The unenthusiastic reaction to the ad suggests the mood has changed from the exuberance of 2021, when the “LOL” factor seemed to become a genuine market driver. There also seems to be a growing recognition that the crypto market is similar to a Ponzi or pyramid scheme. So widely has this idea now spread that crypto types have even begun defending the idea of these schemes. “Join a pyramid. It’s not a bubble unless it bursts,” one crypto blogger wrote last month in a post named “In praise of Ponzis”.

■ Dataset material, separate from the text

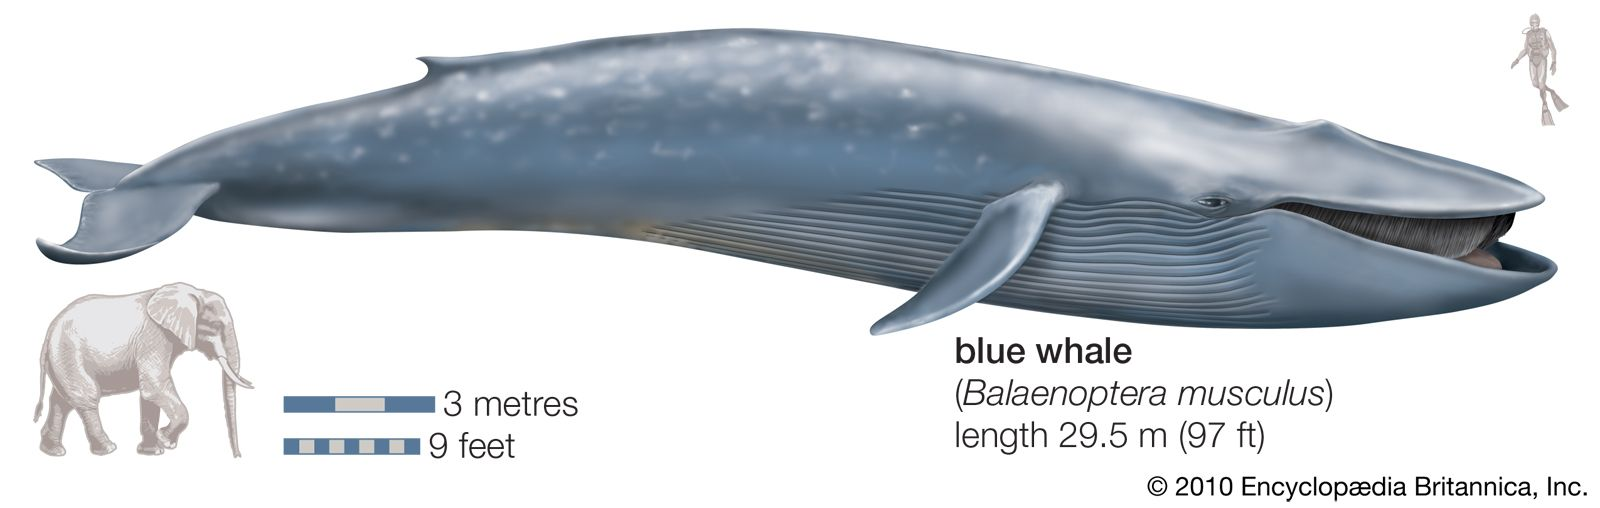 73257-050-7BA1BE72.jpg (1600×508)   Blue Whale   Pinterest   Ballena ...

Crypto.com declined to tell the Financial Times how much Damon had been paid for his appearance but the company reportedly spent more than $100m on the ‘Fortune favours the brave’ campaign — the entire budget for Damon’s last feature film, box office flop The Last Duel. It’s probably safe to assume, therefore, that this was a pretty decent payday for the actor — presumably why Damon, who has spoken out on climate change and its impact on water scarcity, chose to overlook the huge carbon footprint of bitcoin and other crypto tokens and NFTs.

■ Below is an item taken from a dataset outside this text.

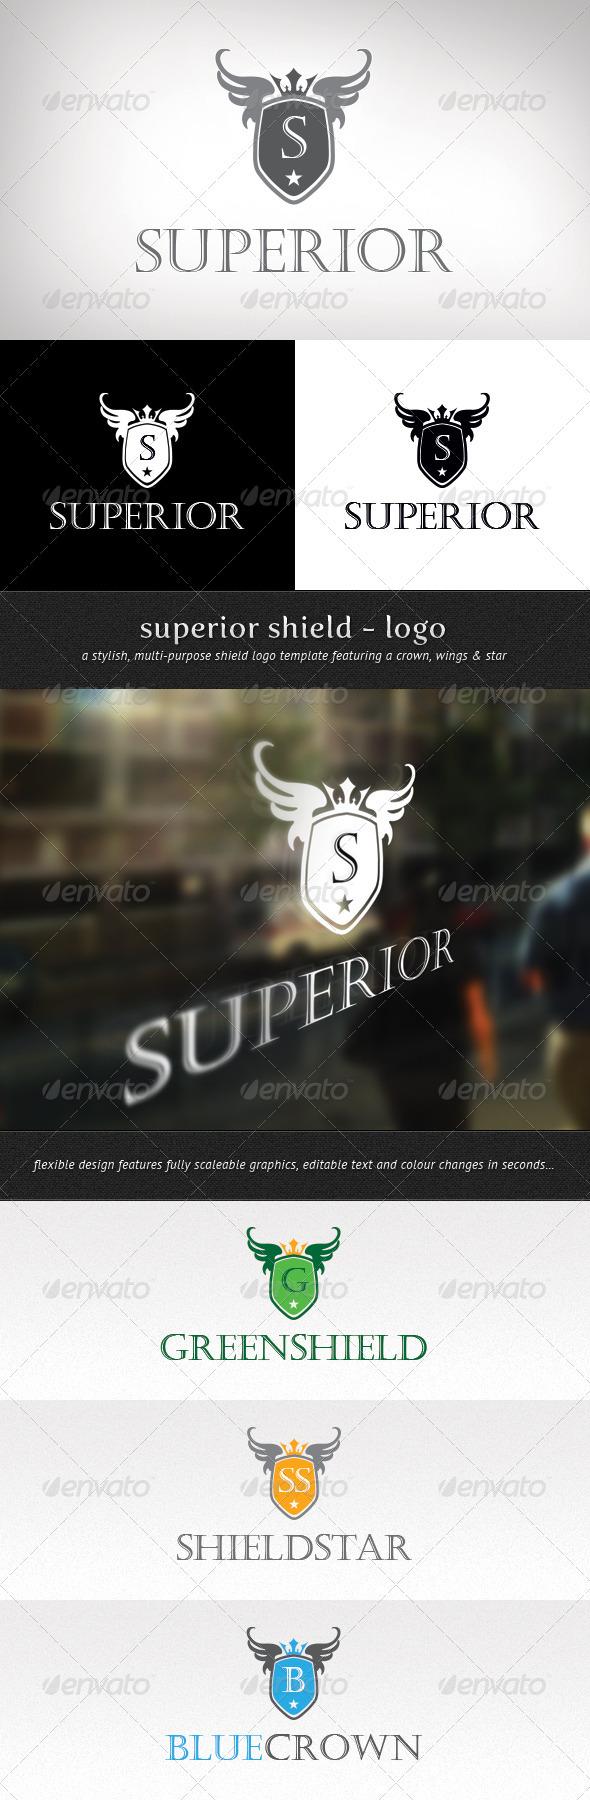 GraphicRiver Superior Shield Logo 3455843

It’s all a bit sickening. Back in 2010, Damon was the narrator for a film on the financial crisis, Inside Job. He closes it with the following on financiers: “They will spend billions fighting reform. It won’t be easy. But some things are worth fighting for.” With crypto companies spending increasing amounts of money on lobbying, these words seem pertinent now.
Damon is not, by any means, the first celebrity to flog crypto to the masses. Kim Kardashian was criticised last year after promoting ethereum Max and everyone from Lindsay Lohan to Melania Trump has been flogging NFTs. But the truth is we all expected better from him. The fact that even a man known for his philanthropy and keeping a low profile appears susceptible to the lure of crypto makes the whole thing seem more sinister.